Staying behind the podium as some of my students file out, I call, “Edith Willows, I need to speak with you for a moment, please.” Brat keeps walking like she doesn’t hear me. “Miss Willows.” I use my most authoritative voice and watch her stop, standing in the doorway as students brush past her. She takes a step back and I can see her thin, skin-tight jeans lovingly molding to her ass.
Guess I’m staying behind the podium
, I thought, taking a deep breath.
“Y-yes?” She turns toward me, slowly walking over to where I am. Time had generously filled Edith out in all the right places, and circumstances seemed to have molded her, as well. I notice her hair is a lot longer, and she is wearing it in a thick braid that makes me think of wrapping it around my hand and holding her down as I take her from behind. If I am going to get through the next few weeks, I need to stop thinking about her ass. This podium is going to be my new best friend. In fact, I really need to get a handle on that image because I can see my dominant bedroom behaviors coming out and getting me fired.

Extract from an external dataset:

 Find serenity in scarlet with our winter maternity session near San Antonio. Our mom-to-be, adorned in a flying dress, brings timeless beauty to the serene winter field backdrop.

“Miss Willows, it’s nice to see you again.”
Very nice indeed
, I thought. I sway my hips behind the podium a little, trying not to make it obvious I need to adjust things below.
“Sure. Yeah, I guess. I didn’t know you taught here.” Edith pushes her braid back, the tail of it catches over her shoulder, letting the length touch the top of her breast. Edith is average in height, but there is a vulnerability I sense in her. I both like it and hate it, which confuses me.
“Only when the dean asks to me to step in. I’d hoped to teach full-time someday.”
But you, you little beauty, ruined me for it
, my brain echoes.
“Maybe you will. Uh, what’s this about?” Edith says, cutting to the point. I want to draw this out, but a few of the other students are lingering and want my attention. Probably to see how they can improve their grades, but not Edith. I sense she can’t wait to dart out of here like a deer.
“It’s come to my attention your grade is close to being under the threshold for scholarship students. This class is primary to your major. You’ll have to improve your grade to above…,” I glance back down at the paper with her name on it, “well, above a seventy-five percent average.”
“I know. I’ll study harder for the quizzes. I’m on the waitlist for a tutor. Thanks for letting me know.” Edith backs up before I can say more and leaves the classroom as I anticipated. Other students then crowd my podium and ask me several questions as I watch her slip out the door, her shoulders a bit more hunched, her ratty-looking patchwork bag slung over her shoulder.